At the commencement of the term, NELSON, Circuit Justice, in charging the grand jury, after instructing them upon the law applicable to the several cases that were to come before them, proceeded as follows:

The district attorney has called my attention to a crime recently committed in one of the most populous towns in the western part of this state—the case of the seizure and rescue of a fugitive slave out of the hands of a federal officer, by an unlawful assemblage of people, more or less armed, pending an examination before a magistrate in pursuance of an act of congress passed September 18, 1850 (9 Stat, 462). The crime, as alleged, was committed in the edge of the evening, in the midst of the local police and municipal authorities of a city of intelligence and character; and this, after threats and other unmistakable evidences of an intended rescue and crime had been given out The marshal, and all the authorities associated with him, and other persons coming to his aid and assistance, were overborne by the violence of the mob, and law and legal authority were trampled under foot The case is one calling for grave and serious inquiry on the part of the public authorities. Neither time nor expense should he regarded in the investigation of the crime, and in bringing the guilty offenders to justice. In a case so serious, striking at the very foundation of a government of laws, and substituting in its place brute force and anarchy, the whole power of the government should be put into requisition to suppress the spirit of disorder and punish the guilty. No government is worth preserving that does not or cannot enforce obedience to its laws.

The 7th section of the act of 1850 makes it a misdemeanor, subject to fine and imprisonment—the fine not to exceed $1,000, and the imprisonment not to exceed six months—for any person knowingly to obstruct the arrest of a fugitive from service, or for any person to rescue or attempt to rescue the fugitive after the arrest is made, or to aid or abet or assist directly or indirectly, in an escape or rescue. The punishment, according to this act, is by indictment and conviction before the district court of the United States for the district within which the offence is committed.

The 22d section of the act of congress passed April 30, 1790 (1 Stat. 117), also provides for the case of the obstruction of legal process in the hands of an officer of the federal government. The offence is punishable by a fine not exceeding $300, and imprisonment not exceeding twelve months. So far as it respects an obstruction to the execution of legal process, or a forcible rescue of the prisoner, under the fugitive slave act, the provisions of that act probably supersede those of the act of 1790, with one exception. The act of 1790 provides for the case of assaulting, beating or wounding any federal officer or other person duly authorized, while engaged in serving or executing any process. This case is not specifically provided for in the act of 1850, and may apply as well to an execution of process under that act as under any other act, there being no necessary repugnancy between the acts in this respect

There is some doubt as to whether the circuit court of the United States has jurisdiction of an offence committed under this act of 1850, as the act in terms limits the cognizance of the offence to the district court I have, therefore, advised the district attorney to present the cases before that court. The 11th section of the judiciary act of 1789 (1 Stat. 78) confers on the circuit court concurrent jurisdiction with the district court of all crimes and offences cognizable therein. But it may be a question whether this provision applies to jurisdiction subsequently conferred on the district court as specifically as that conferred by the act of 1850. There is a provision in a recent act of congress, by which the district court is authorized to adjourn or continue criminal cases pending therein to the circuit court, which, no doubt, embraces the cases in question. Act Aug. 8, 1846 (9 Stat. 72, § 2).

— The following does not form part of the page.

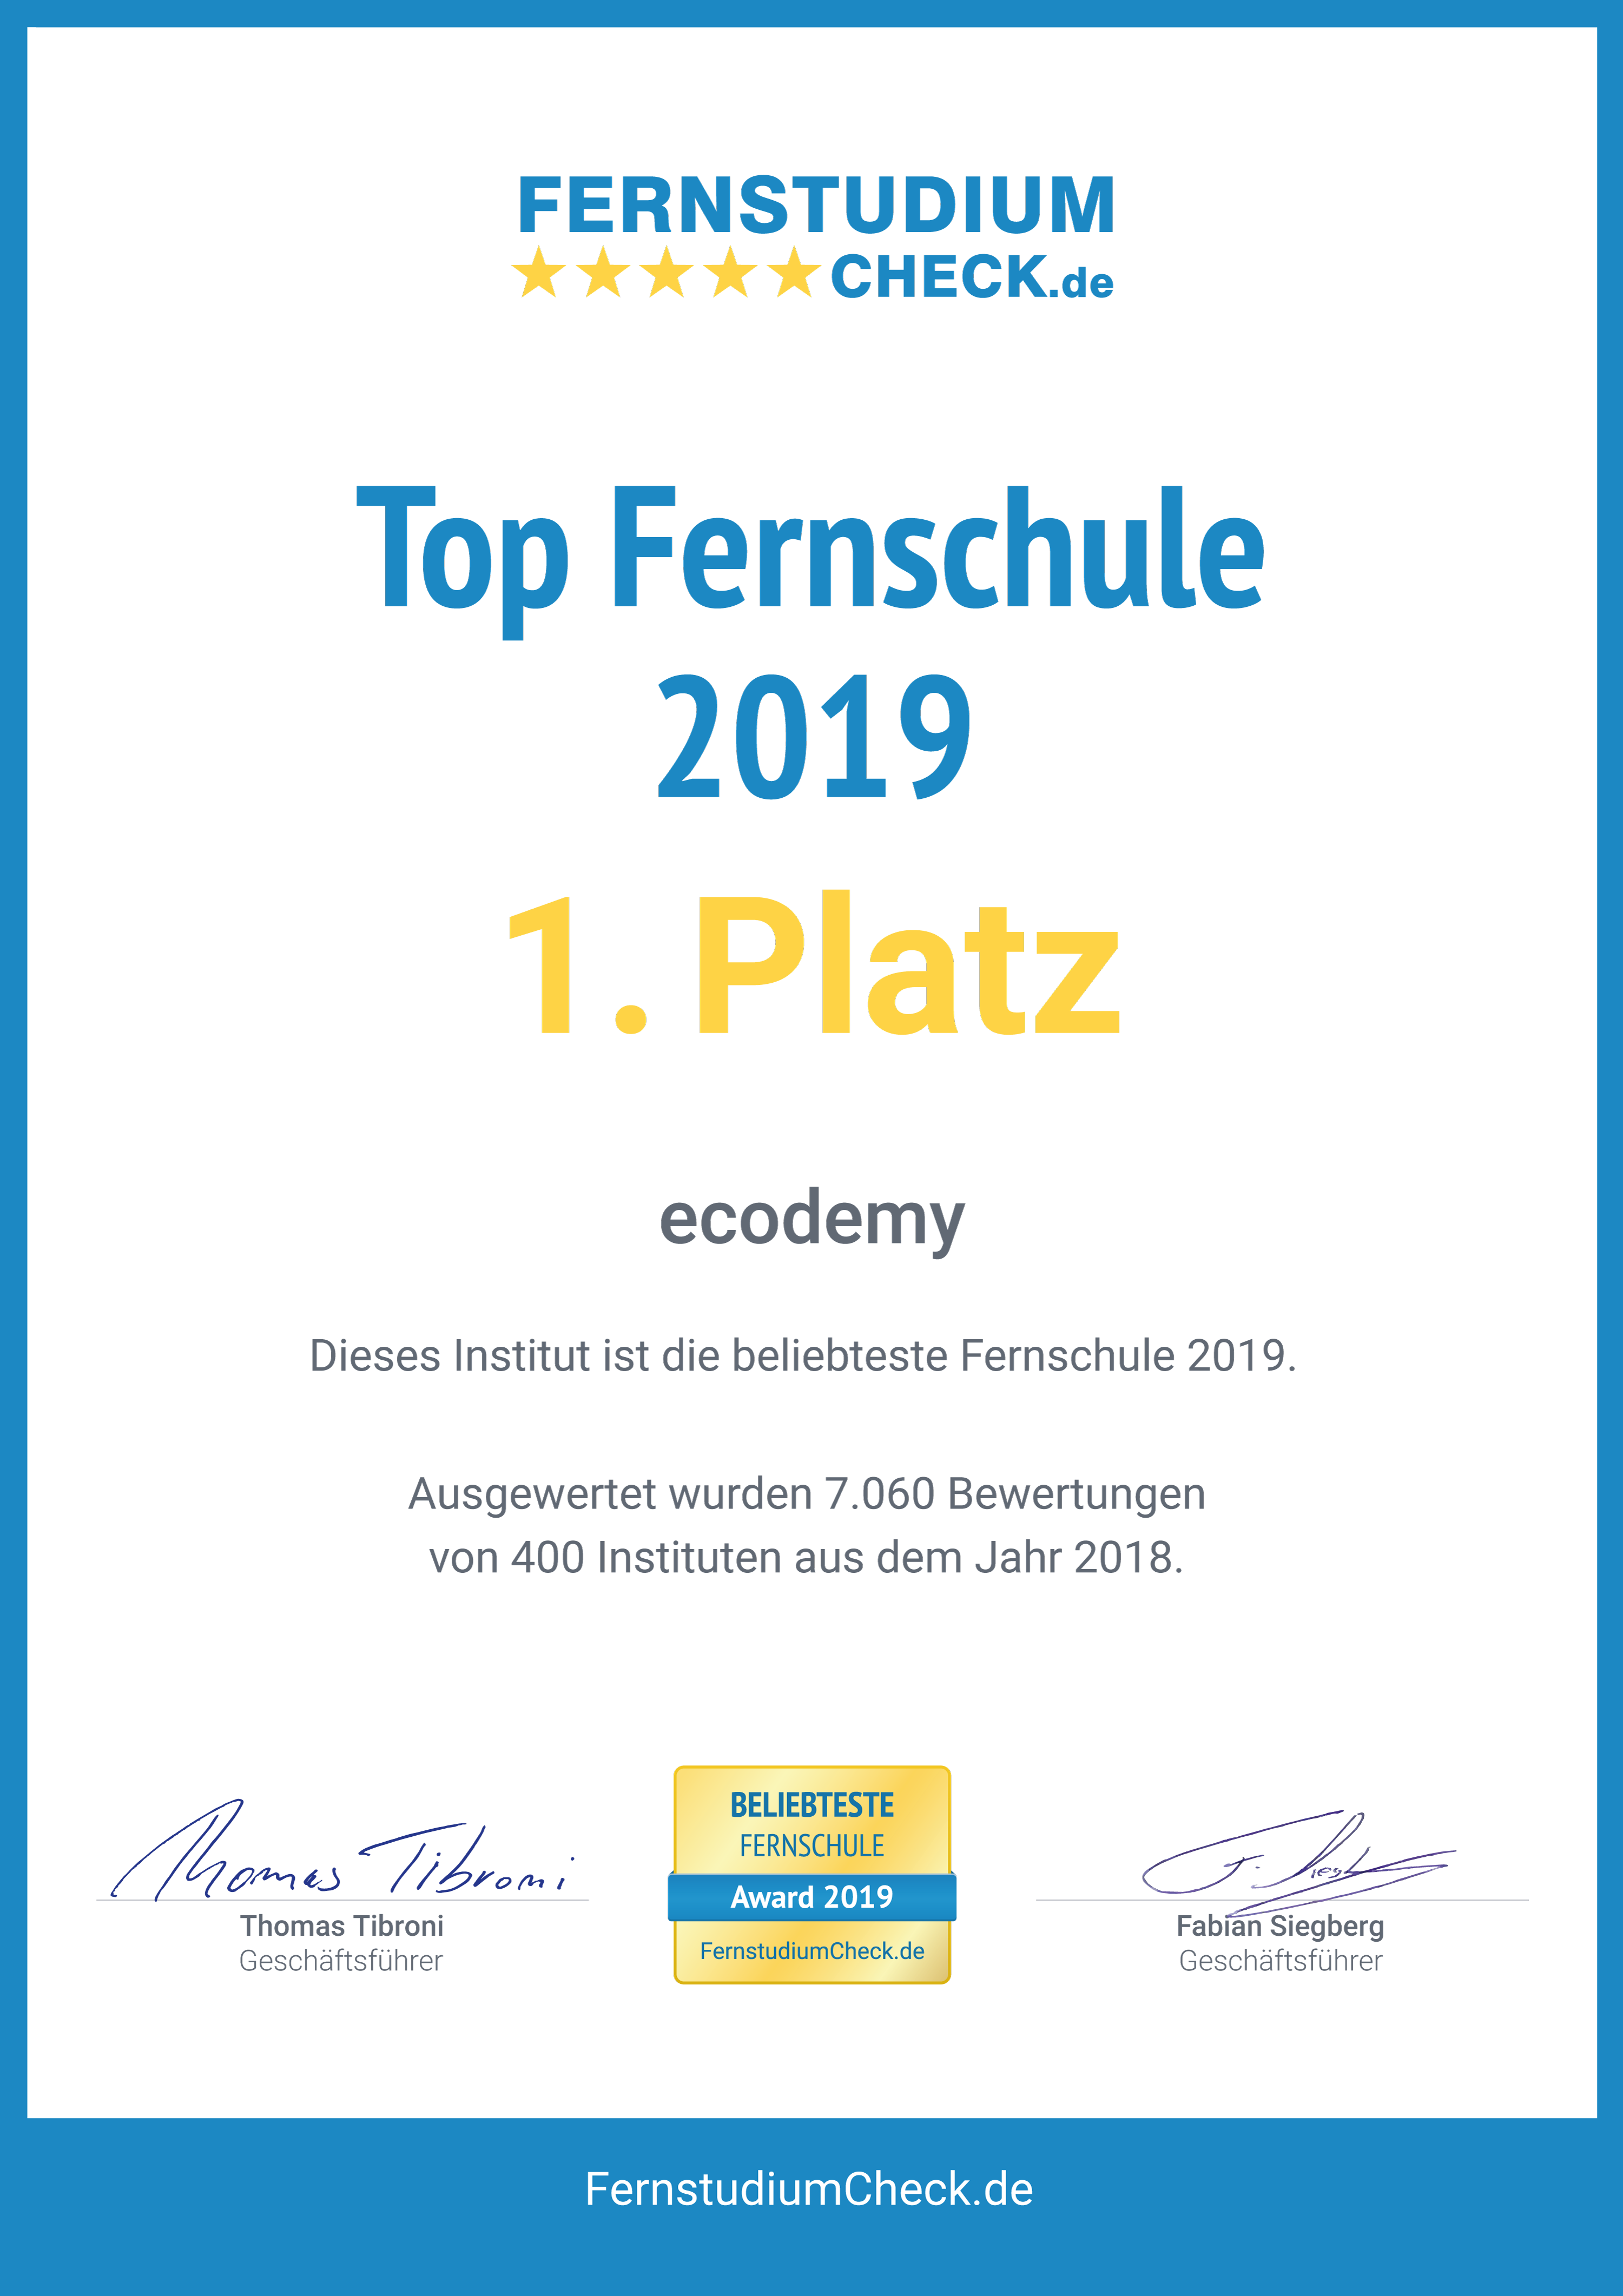 ecodemy beliebteste fernschule 2019 fernstudiumcheck.de

The forcible resistance to and obstruction of the law to which I have referred, involve something more than the simple defeat of the execution of an act of congress. The act of 1850 was passed to carry into effect an important provision of the constitution of the United States, which declares that “no person held to service or labor in one state, under the laws thereof, escaping into another, shall, in consequence of any law or regulation therein, be discharged from such service or labor, but shall be delivered up on claim of the party to whom such service or labor may be due.”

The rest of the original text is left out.